Although the reading technique is superficial, the test-item design conventions, reliance on short-term memory, scanning processes, distractors, unfamiliar texts, thwarting of typical problem-solving and disassociation from other educational tests combine to make completion challenging. Arguably, one needs a solid formal education at the secondary level in the language of the test simply to complete Level 1 items. (There are three additional levels of difficulty.)
So what happens when this construct is used in high-stakes decision-making in PSE? A series of counter-productive, confounding and compromising responses will likely follow.
- ESO results won’t align neatly with the results from other tests or even grades, since the underlying construct and the overall pedagogical approach are fundamentally different.
- ESO skills (quick scanning to find bits of information to complete the question) are counter-productive to the development of skills valued and needed in PSE and afterwards—that is deep, careful reading, connecting text to experience and other texts, and the application of text-informed knowledge.

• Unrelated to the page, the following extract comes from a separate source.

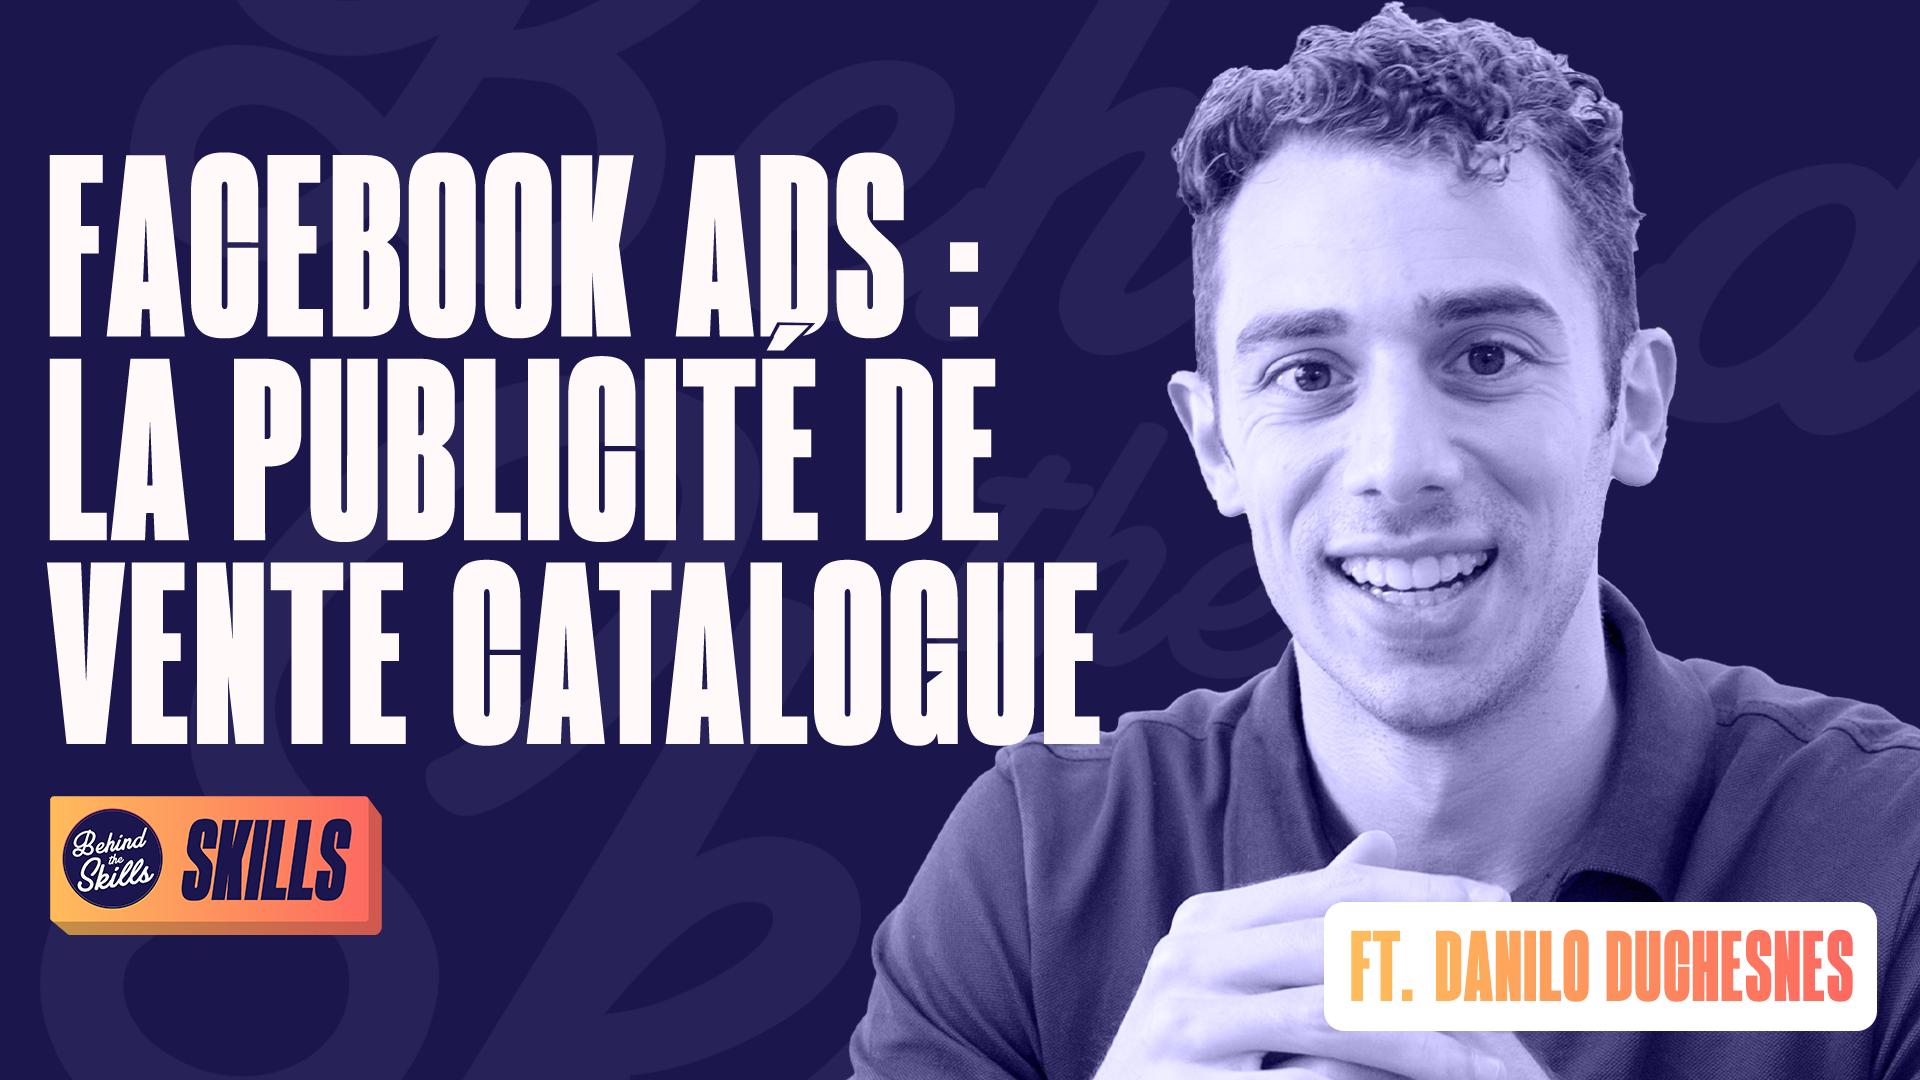 Facebook Ads : la publicité de vente catalogue

- Superficial scanning skills may become more valued, depending on the stakes, and more time may be devoted to their development, pushing aside what really matters.
- If stakes are low for students, many will blow off the test. If stakes are high for institutions and low for students they will likely be pressured to do well. The professional judgement of educators will be compromised.
- Those who will likely struggle with the unique testing construct are non-traditional students, out of school for some time with rusty test-taking skills and multilingual students studying in English or French for the first time. They may then be the targets of ESO instructional remediation.
- They very students who need more academic literacy supports could potentially receive less.
Like a faulty or biased algorithm, the ESO reading model, lifted out of its original context and into a learning context, will unleash a series of systemic inequities and counter-productive decisions and actions.
There is a need for careful consideration and critique from test design, reading development and postsecondary curriculum experts who grasp the implications of high-stakes standardized testing and its unintended consequences.